Theoretical Implications
The formal frameworks expose new theoretical typologies for dialogue system research, demarcating empirical limits binding current designs and outlining the path toward fully integrated L3 systems. The realization gap operationalizes the coupling between architecture and data, providing a rigorous interpretive lens for future advances. The exposition of architectural attractors (L1/L2) and unserved interaction cells raises critical questions for both representation learning and corpus engineering.
Future Speculation
In the near term, the field will likely see expanded synthesis techniques for rare cell coverage, the proliferation of adaptive and causal-influence evaluation protocols, and continued modular reinvention at the L0 layer. Longer-term progress toward L3 architectures—continuous-latent, JEPA-inspired, world-model-driven—will demand new mathematical formalisms and streaming generative frameworks. This transition will also necessitate extending current ontology and state machine paradigms, particularly as novel interaction types become salient.
Conclusion
The paper delivers a rigorous taxonomical, data-driven, and evaluation-grounded framework for analyzing and designing full-duplex spoken dialogue systems.
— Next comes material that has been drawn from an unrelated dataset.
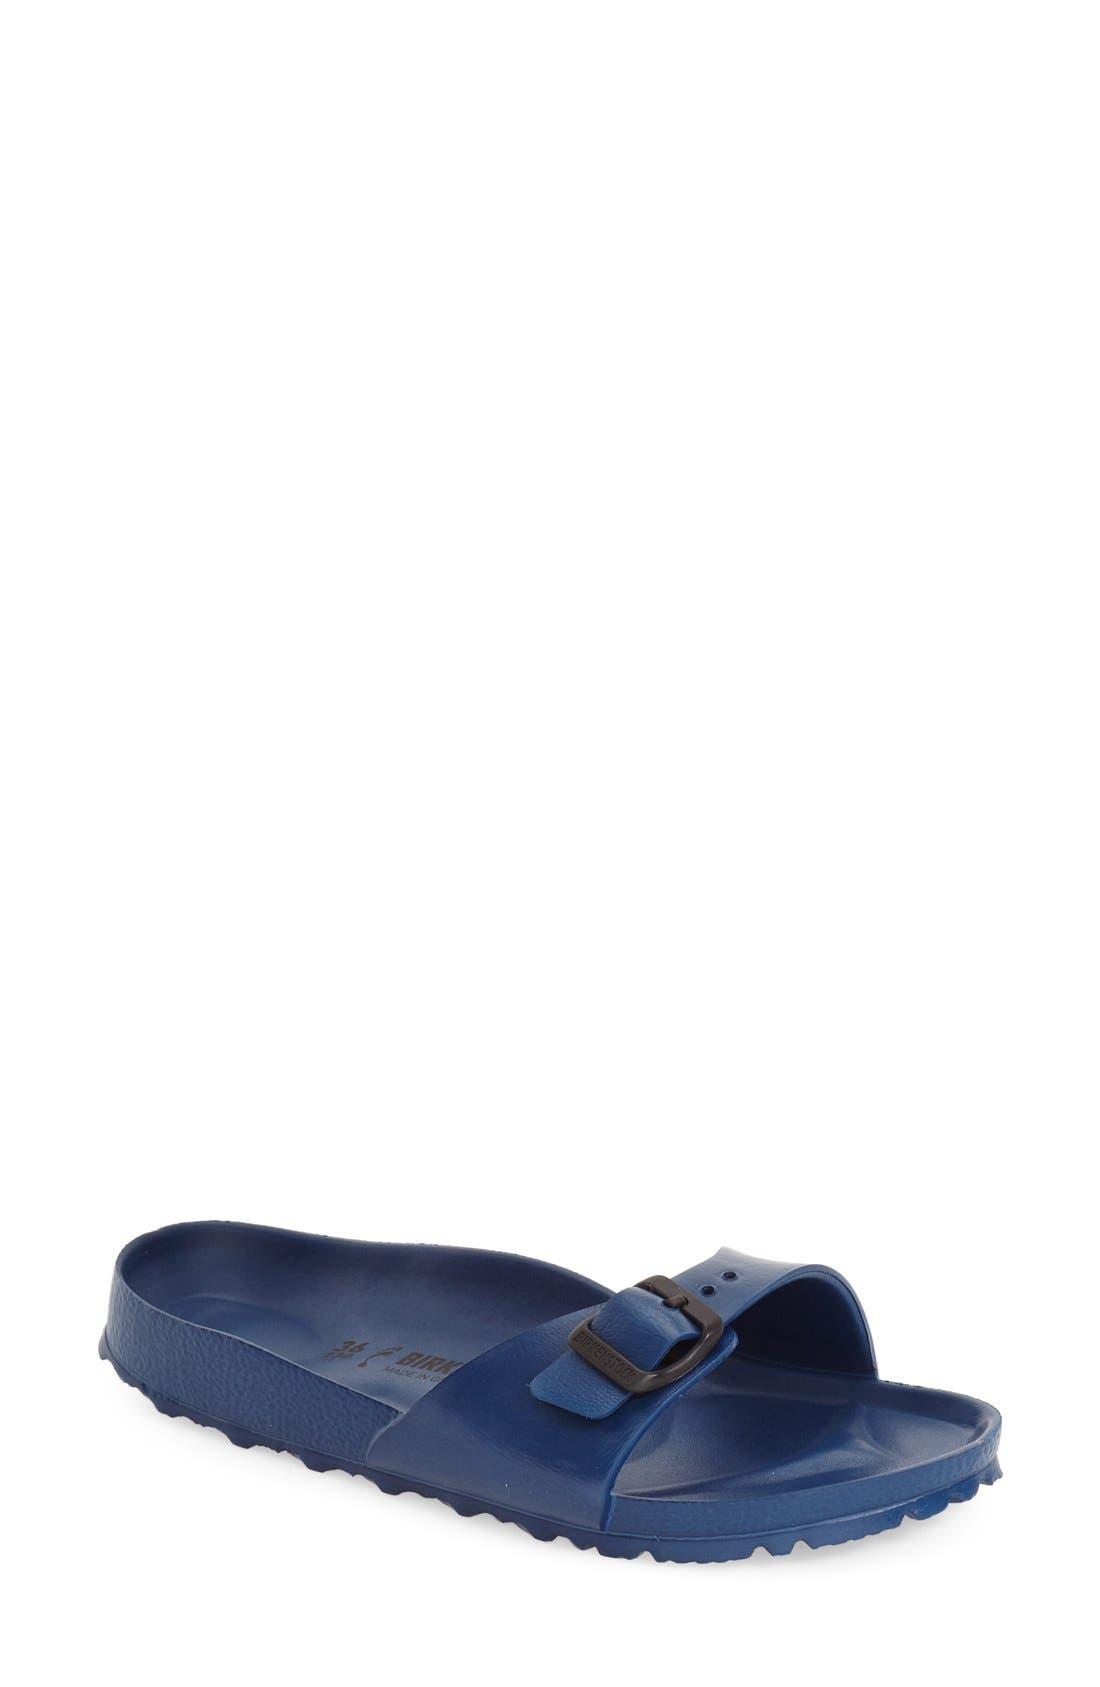 'Essentials - Madrid' Slide Sandal,                         Main,                         color, Navy Eva

It systematically replaces ambiguous "full-duplex" claims with structured diagnostic profiles and exposes the cross-system gap as fundamentally coupled to training data and evaluation protocols. The survey's conceptual, empirical, and forward-looking contributions will serve as a foundation for both industrial and academic development of next-generation full-duplex systems. Future research trajectories are explicitly delineated, notably in architectural modeling and corpus design, with the L3 paradigm as the principal open frontier.